When
we hear the word honesty, we think of a concept that is fairly simple and
straightforward. But actually honesty
serves two distinct purposes in life.
First, when someone is honest with someone else, it allows the two of
them to share in an intersubjective, if not objective reality about a
situation. This, in turn, allows the two of them to work and function more
effectively in the situation. Second, honesty
allows the second person, if he knows he is receiving the truth, to open
himself up emotionally to the first person, thus creating a deeper emotional
bond. The first situation leads to
anchoring. One is weighted down to the
floor without attaching to it. And
people are juxtaposed without being emotionally merged. The second situation leads to grounding. One develops roots to attach to the
ground. Here people deep-bond with one
another as well as ground in one another.
Modern
technological society, with all of its interchangeable machine parts, is very
conducive to anchoring. To come
together, people share factual truths with one another in order to help themselves
keep their complex machines and their increasingly mechanized social groupings
operating effectively. Factual truths
are meant to help both individuals and groups trust one another which is the
foundation of any successful group activity.
Emotional
honesty is something different. It is an
honesty that allows people to come together and deep bond and partially
merge. This involves a greater
vulnerability of oneself. A deeper
opening up not only to the possibility of connection, but also to the
possibility of hurt and even abandonment.

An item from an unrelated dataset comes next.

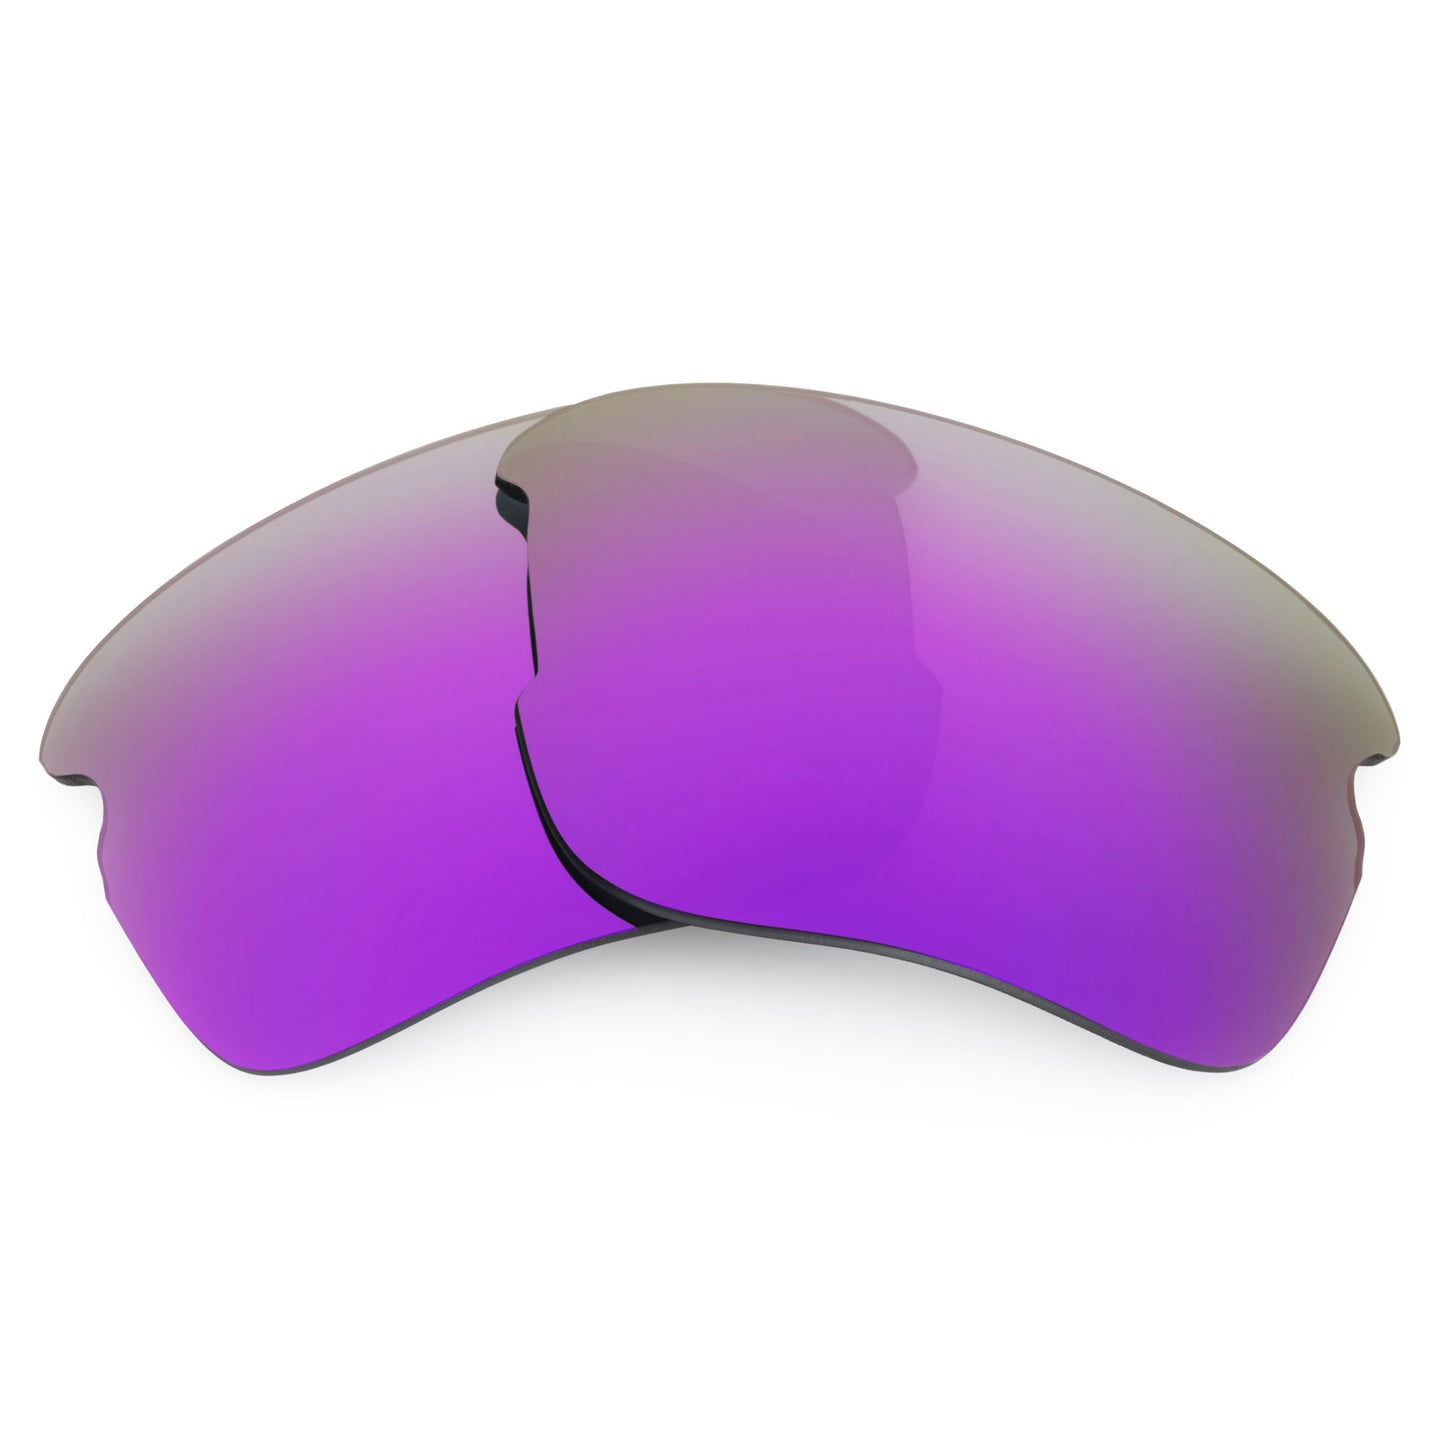 Revant replacement lenses for Oakley Flak XS (Exclusive Shape) Non-Polarized Plasma Purple

Now these two kinds of honesty don’t
always complement each other. Should a
husband tell his wife if she doesn’t look good in a new dress that she
loves. Some people might say that being
honest in this case is being brutally frank.
That it disrupts the flow of emotional commitment by temporarily hurting
the wife. But you say, being emotionally
honest means being able to trust what a person says. The wife should appreciate that her husband
loved her enough that he wanted to let her know when she was making what in his
opinion was the wrong decision in buying the dress. Unfortunately, some spouses would rather be
lied to than to confront that kind of truth.
And
how does one deal with the situation where a parent manipulates a child’s
school records in order to get him into a good college or university. On one level, the child can maintain his
sense of trust that his parent loves him and is there for him. But this is done at the cost of the
presentation of the factual truth to the external world. Certainly, this would have repercussions in
the child’s ability to believe his parent in other factual situations, even
when the child is to some extent complicit in the parent’s fabrications.
I
would say that emotional truths and emotional honesty have been of greater
importance in most more traditional societies while factual truths and factual
honesty are of greater importance in modern technological society. In a vacuum and tension-pocket society, where
there are few natural physical spaces to ground and deep-bond, people are much
more likely to focus on the factually accurate rather than the emotionally
sustainable in dealing with problems of honesty. Factual honesty may be very good for keeping
a society running like a machine. But when
a person is as numb as most people are today, it is hard for such a person to not
only be emotionally honest with himself, to love himself, and to be committed
to himself, but also to be able to emotionally bond with others.
In an
ideal world, a person could have a balance between feeling grounded and feeling
anchored. There would be a perfect
balance between traditional components and modern technological components in
one’s living environment. But time and
life march on and such states of balance are like fleeting moments, if they
ever really exist at all. Right now, for
the most part, there are imbalances towards factual honesty and away from
emotional honesty. Some people, as in
the case of the parents who bend the facts of their child’s records so the
child can get into a good school, overcompensate in their attempt to promote
their emotional honesty over factual honesty leading to disastrous results. This is not the way to show emotional
commitment, but if one is numb, perhaps it is an attempt to blast through the
numbness with emotional expression to prove to oneself that he is being
emotionally honest.
For
most people today, the major cause for concern is an imbalance towards factual
honesty. And this corresponds to the way
that modern technological society is set up with its focus on anchoring rather
than grounding. Anchoring does not promote the deep connections to the external
world that grounding does. One can
easily disconnect and break away from an anchor and float off in a vacuum. So the key is to try to get connected to more
natural environments or patches of natural environments. These environments can act as templates for
deeper bonding with other people and a healthier more balanced life where a large
dose of emotional honesty can play a role.